Added Dockerfile to build thirdparty packages required by the BioSimSpace notebook server.
Exposed Sire search functionality.
Added thin-wrappers for several additional Sire objects, e.g. Residue, Atom, and Molecules container.
Performance improvements for searching, indexing, and extracting objects from molecular containers, e.g.

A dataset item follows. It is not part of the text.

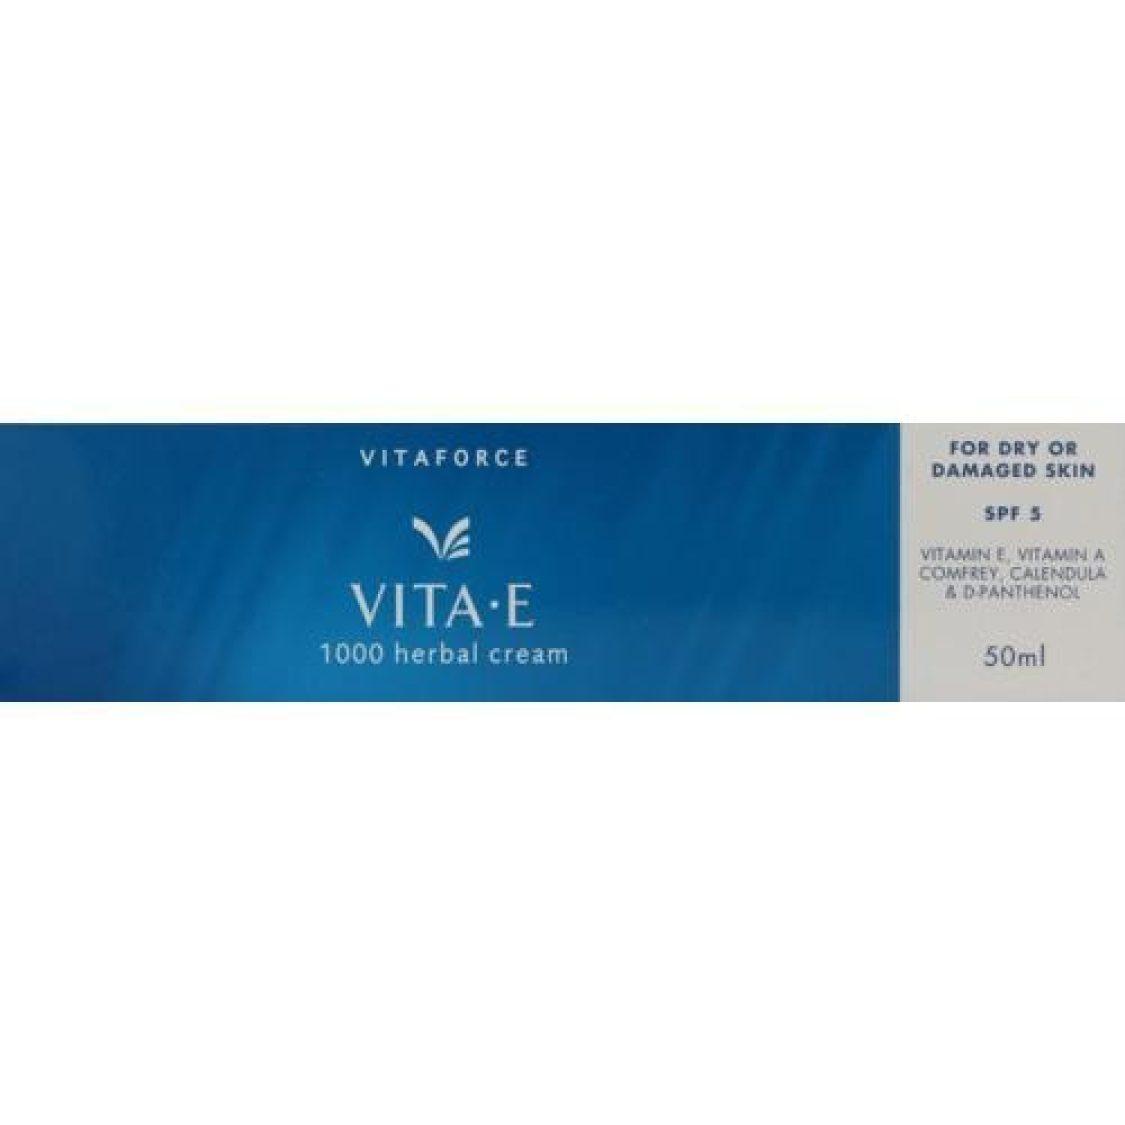 Vitaforce - Vita-E 1000 Herbal Cream 50ml

System, Molecule.

2019.1.0 - May 02 2019¶

Added support for parameterising proteins and ligands.
Added support for solvating molecular systems.
Molecular dynamics drivers updated to support SOMD and GROMACS.
Support free energy perturbation simulations with SOMD and GROMACS.
Added Azure Pipeline to automatically build, test, document, and deploy BioSimSpace.
Created automatic Conda package pipeline.

2018.1.1 - May 02 2018¶

Fixed conda NetCDF issue on macOS. Yay for managing python environments!
Install conda ambertools during setup.
Search for bundled version of sander when running AMBER simulation processes.
Pass executable found by BioSimSpace.MD to BioSimSpace.Process constructor.
Fixed error in RMSD calculation within BioSimSpace.Trajectory class.
Improved example scripts and notebooks.

2018.1.0 - May 01 2018¶

Initial public release of BioSimSpace.